American mathematician and computer scientist Lesslie Lamport
Overview
Bitcoin’s exposure to quantum risk is a hot topic right now. There was even a recent conference in San Francisco, at Presidio Bitcoin, dedicated to this issue. In our view, one should try to be as rational as possible. We do not understand quantum computing and we have not seen any quantum hardware actually achieve anything particularly impressive and therefore it’s probably not worth worrying about. However, we appreciate that the idea is scary to some and that development in quantum technology could in theory happen unexpectedly quickly. One of the general concerns is that Bitcoin might need to update to a new highly complicated and risky post quantum cryptographic digital signature scheme. There are a lot of fancy sounding new schemes one can read about, including HAWK, SQI, Falcon and CRYSTALS. There may be risks associated with the new schemes; what if we select the wrong scheme, in 2023 there were reports that a new post-quantum scheme, the “SIKE algorithm”, was cracked by classical non-quantum means. And what if quantum computing rapidly advances, since barely anyone understands quantum computing, who is to say if these schemes really are quantum safe?
However, if Bitcoin wants to upgrade to a post-quantum signature scheme, we do not necessarily need complicated risky cutting edge technology at all.
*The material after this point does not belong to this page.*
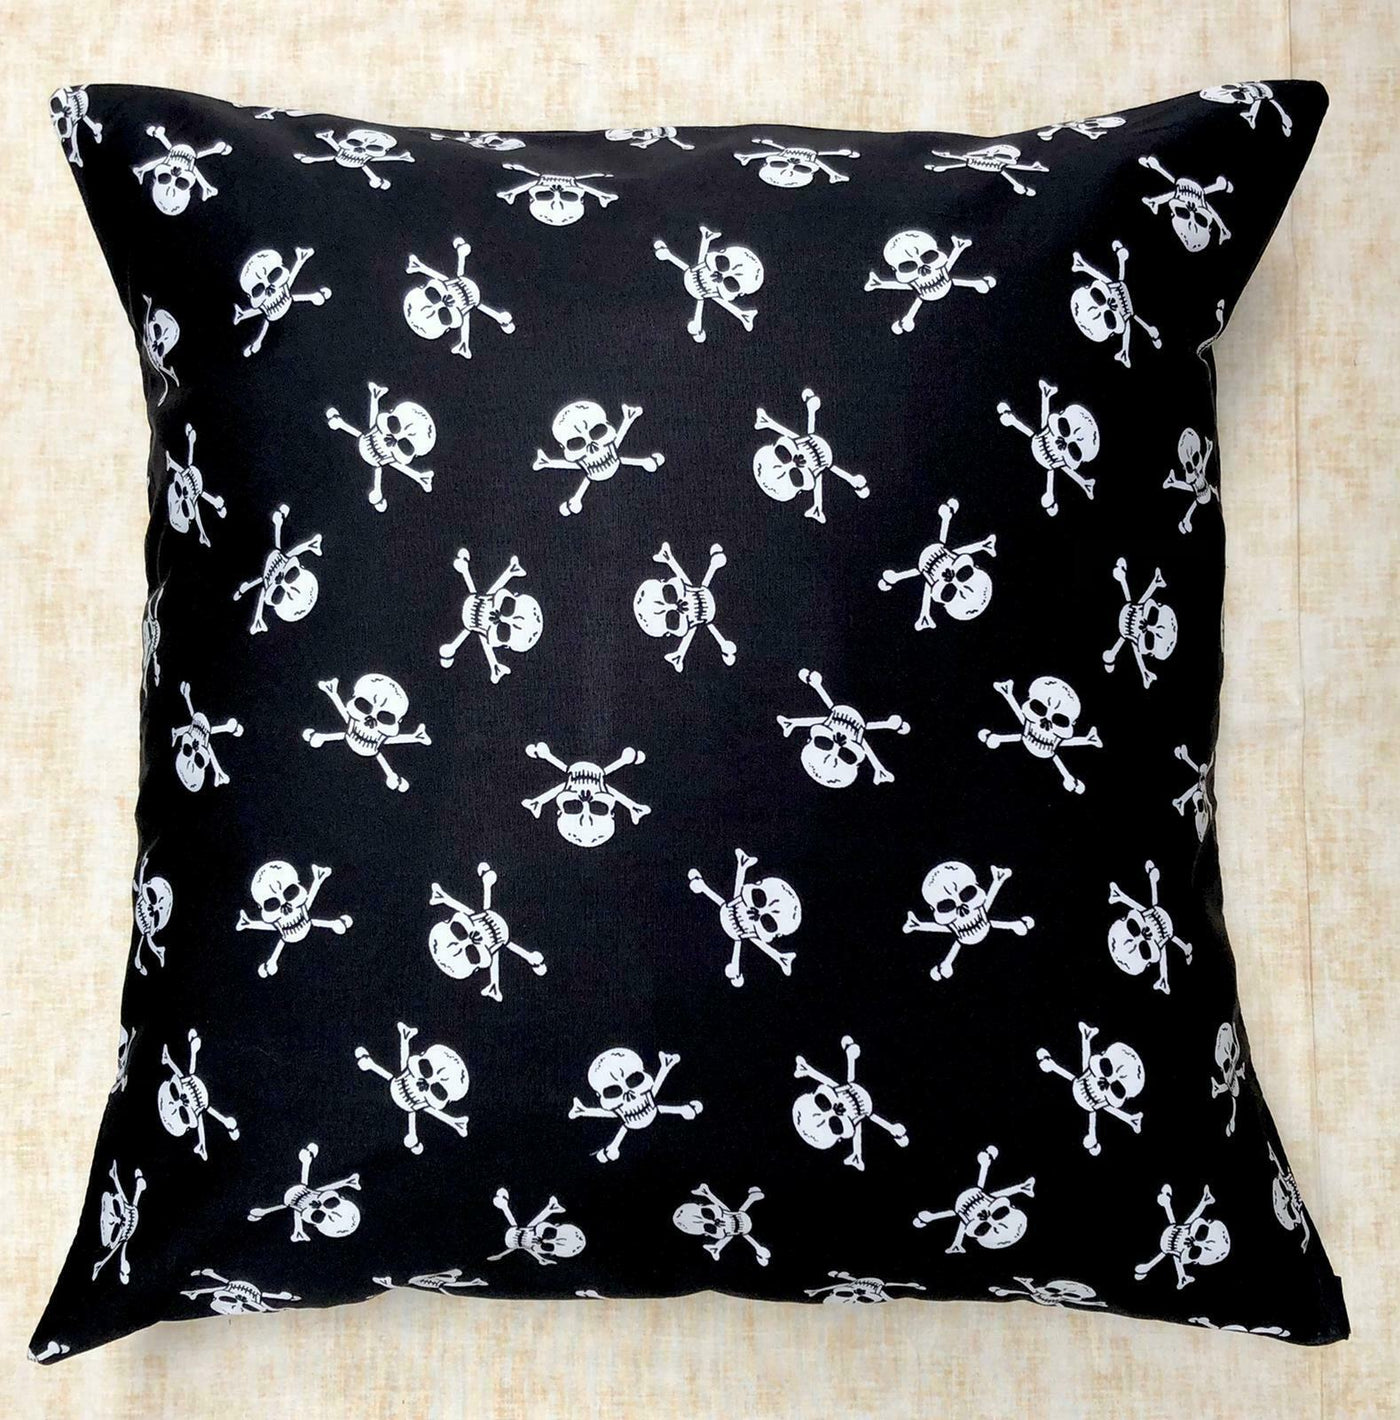 Skull & Cross Bone Pirate Cushion Cover Case fits 18" x 18" 100% Cotton
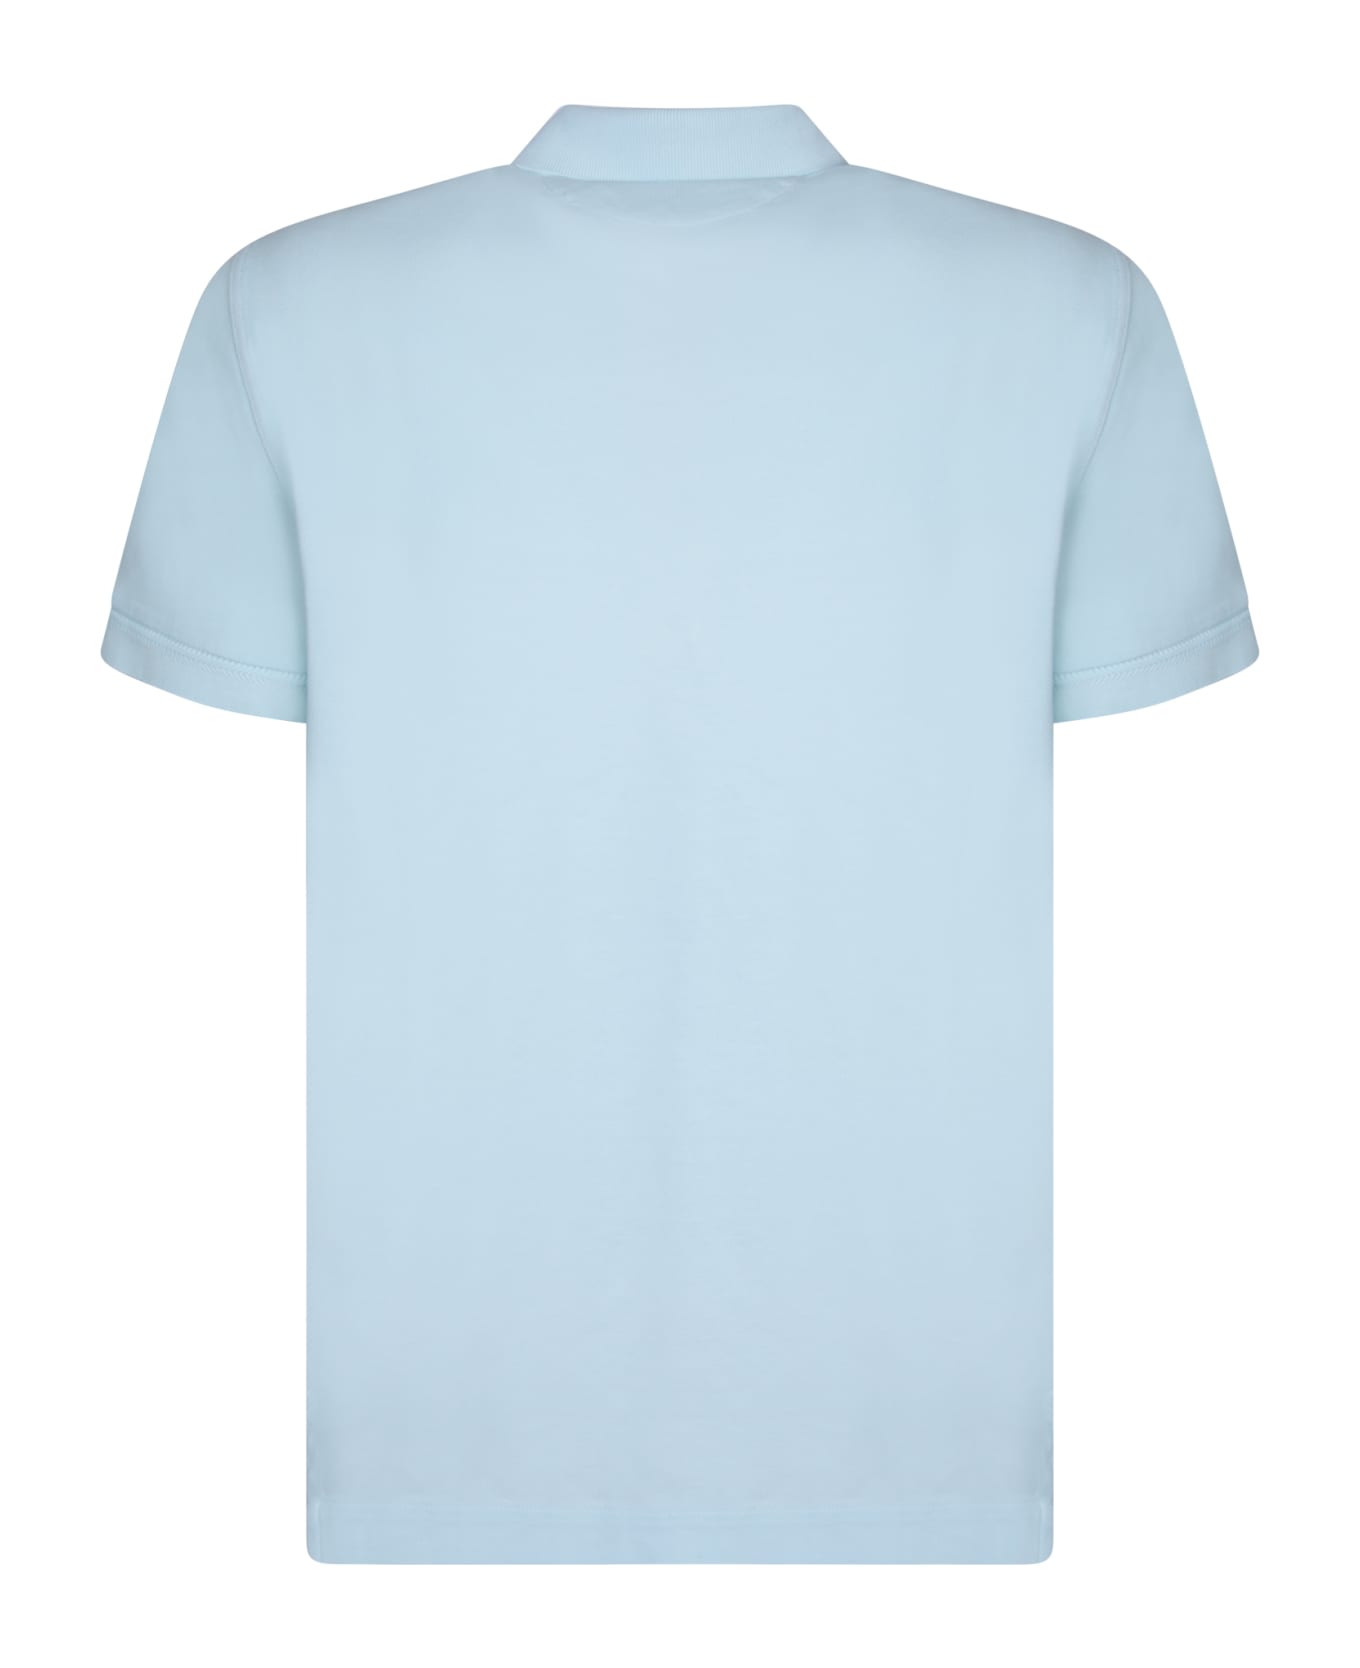 Tom Ford 'tennis Piquet' Polo Shirt - Light Blue

Remember, Bitcoin’s digital signature scheme, Elliptical Curve Digital Signature Algorithm (ECDSA) is potentially quantum vulnerable, due to a factorisation attack using Shor’s algorithm. Hash functions however, are pretty much quantum safe. Hash functions, like SHA256 are quantum vulnerable based on Grover’s algorithm, which means the security could be reduced by a square root. Therefore instead of 256 bits of security, there would be 128 bits of security. This seems mostly fine and one can always use a hash function with a larger output to increase security if needed.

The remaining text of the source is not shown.